Member of the U.S. House of Representatives from Tennessee's 1st district
- In office January 3, 1951 – March 19, 1961
- Preceded by: Dayton E. Phillips
- Succeeded by: Louise Goff Reece
- In office March 4, 1933 – January 3, 1947
- Preceded by: Oscar Lovette
- Succeeded by: Dayton E. Phillips
- In office March 4, 1921 – March 3, 1931
- Preceded by: Sam R. Sells
- Succeeded by: Oscar Lovette

Chair of the Republican National Committee
- In office April 1, 1946 – June 27, 1948
- Preceded by: Herbert Brownell Jr.
- Succeeded by: Hugh Scott

Personal details
- Born: Brazilla Carroll Reece December 22, 1889 Butler, Tennessee, U.S.
- Died: March 19, 1961 (aged 71) Bethesda, Maryland, U.S.
- Party: Republican
- Spouse: Louise Goff
- Education: Appalachian State University Carson-Newman University (BA) New York University (MA) London School of Economics

= B. Carroll Reece =

American politician (1889–1961)

Brazilla Carroll Reece (December 22, 1889 - March 19, 1961) was an American Republican Party politician from Tennessee. He represented eastern Tennessee in the United States House of Representatives for all but six years from 1921 to 1961 and served as the Chair of the Republican National Committee from 1946 to 1948. A conservative, he led the party's Old Right wing alongside Robert A. Taft in crusading against interventionism, communism, and the Progressive policies pursued by the Roosevelt and Truman administrations.
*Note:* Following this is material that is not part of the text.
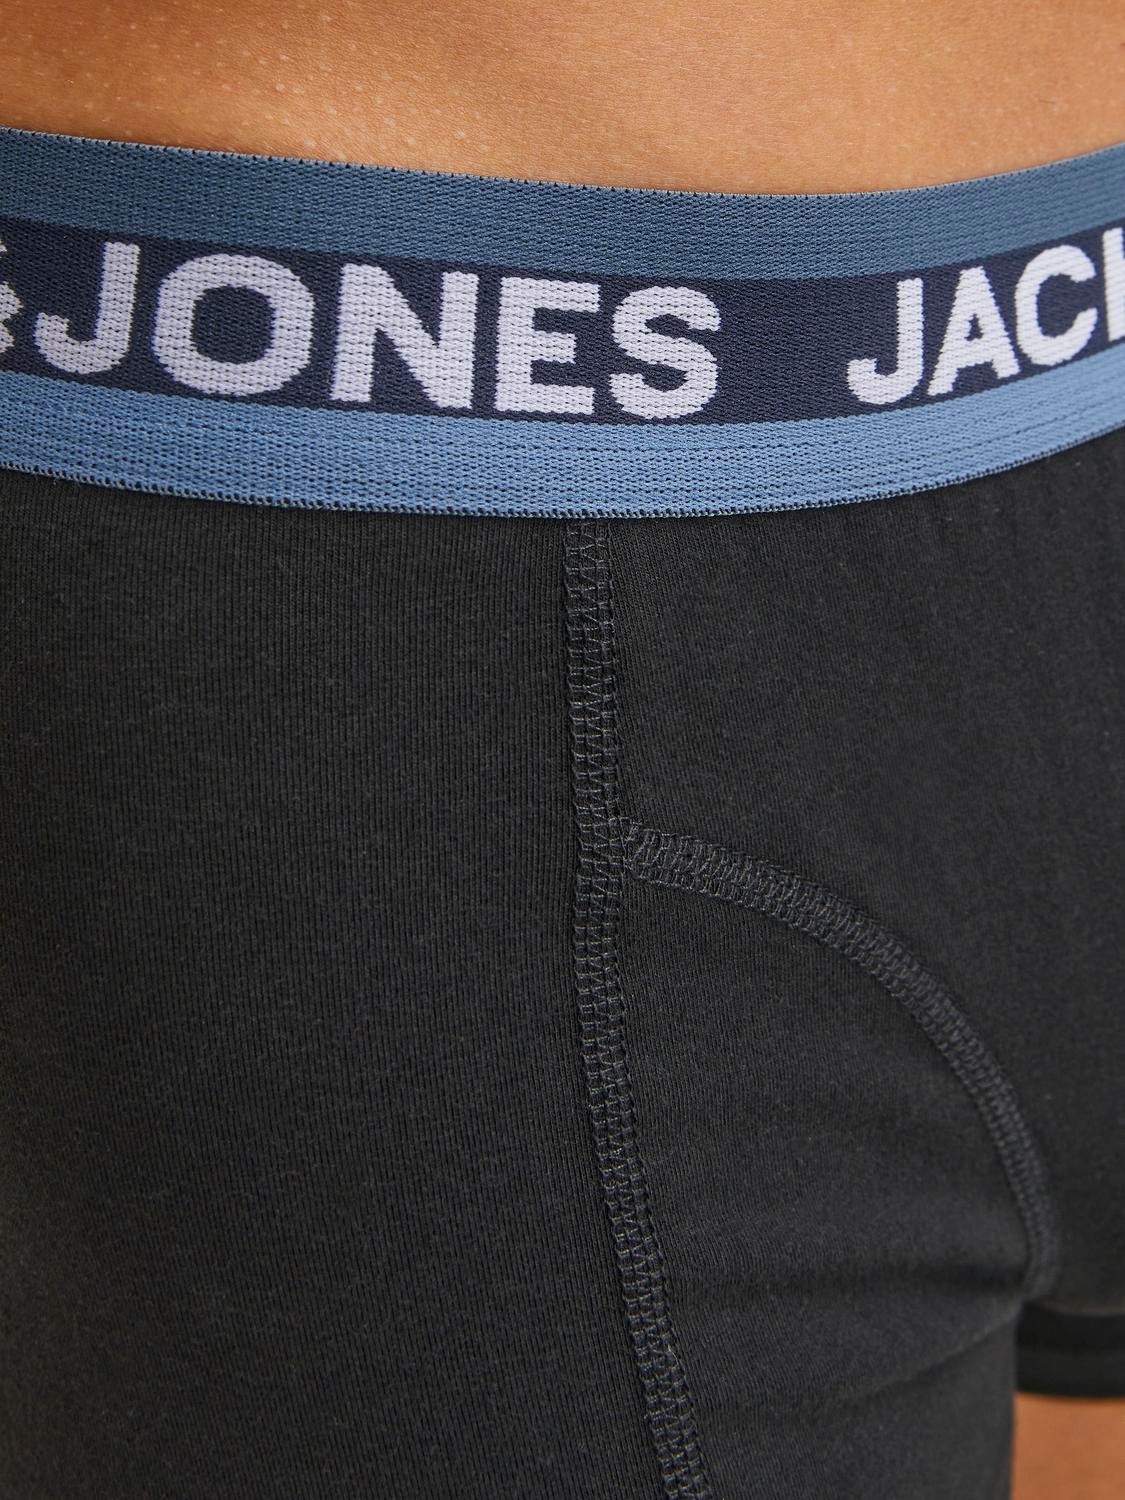 Jack & Jones 3-pack Trunks -Black - 12246322

From 1953 to 1954, as chairman of the House Select Committee to Investigate Tax-Exempt Foundations and Comparable Organizations, often called the Reece Committee, he led an investigation of Communist activities by non-profit organizations, particularly educational institutions and charitable foundations. The Reece Committee concluded that foundations were actively embroiled in efforts to promote socialist and collectivist ideologies.

==Early life==
Reece was born on a farm near Butler, Tennessee, as one of thirteen children of John Isaac and Sarah Maples Reece. He was named for Brazilla Carroll McBride, an ancestor who served in the War of 1812, but never used his first name. His brother, Raleigh Valentine Reece, was a reporter for the Nashville Tennessean and the teacher who replaced John Thomas Scopes at Rhea County High School in Dayton, Tennessee following the infamous "Monkey Trial."

Reece attended Watauga Academy in Butler, Tennessee and Carson-Newman College in Jefferson City, Tennessee. At Carson-Newman he played basketball and football. After graduating from Carson-Newman in 1914 as class valedictorian, he worked as a high school principal for one year, then enrolled in New York University, where he earned a master's degree in economics and finance in 1916. He also studied at the University of London.

==Career==
He was an assistant secretary and instructor at New York University in 1916 and 1917.

In April, 1917 Reece enlisted for World War I and attended officer training in Plattsburgh, New York. During the war he served initially with the 166th Infantry Regiment, a unit of the 42nd Infantry Division. He later transferred to 102nd Infantry Regiment, 26th Infantry Division. He commanded a company, then commanded the regiment's 3rd Battalion, and attained the rank of captain. He was discharged in 1919, and was decorated with the Distinguished Service Cross, Distinguished Service Medal, Purple Heart, and French Croix de Guerre with Palm.

He was director of the School of Business Administration of New York University in 1919 and 1920, and also studied law there.

He then passed the bar exam and opened a successful law practice in Johnson City, where he was also a banker and publisher.

Reece was married to Louise Goff, daughter of United States Senator Guy Despard Goff of West Virginia.

==Congressional service==
Reece served as a delegate to the Republican National Conventions in 1928, 1932, 1936, 1940, 1944, and 1948. He was a member of the Board of Regents of the Smithsonian Institution in 1945 and 1946.

According to a 1981 pamphlet by Stephen Alan Sampson of Anti-Communist Crusade, republished by Liberty University, Reece was a conservative derided by intraparty moderates as an "Old Guard reactionary".

===Denying renomination of Sam R. Sells and winning election to the U.S. House===
Reece first successfully ran for the House of Representatives in 1920, challenging incumbent Republican Sam R. Sells. Although supporters of Sells initially dismissed Reece's candidacy as a joke, the political newcomer ran on his military service as Sells campaigned on his personality rather than his congressional voting record. During the campaign, Reece, who went to all counties in the district, promised to serve only up to ten years, a vow he eventually broke. He also attacked the incumbent Sells, a lumber businessman, for alleged conflicts of interest in voting to "exempt excess profit taxes on corporations," furthermore stating:

Why don’t your congressman and mine in explaining how much he made in 1917 and 1918, tell our people how much he made in 1919, and why he voted to exempt these excess profits from taxes?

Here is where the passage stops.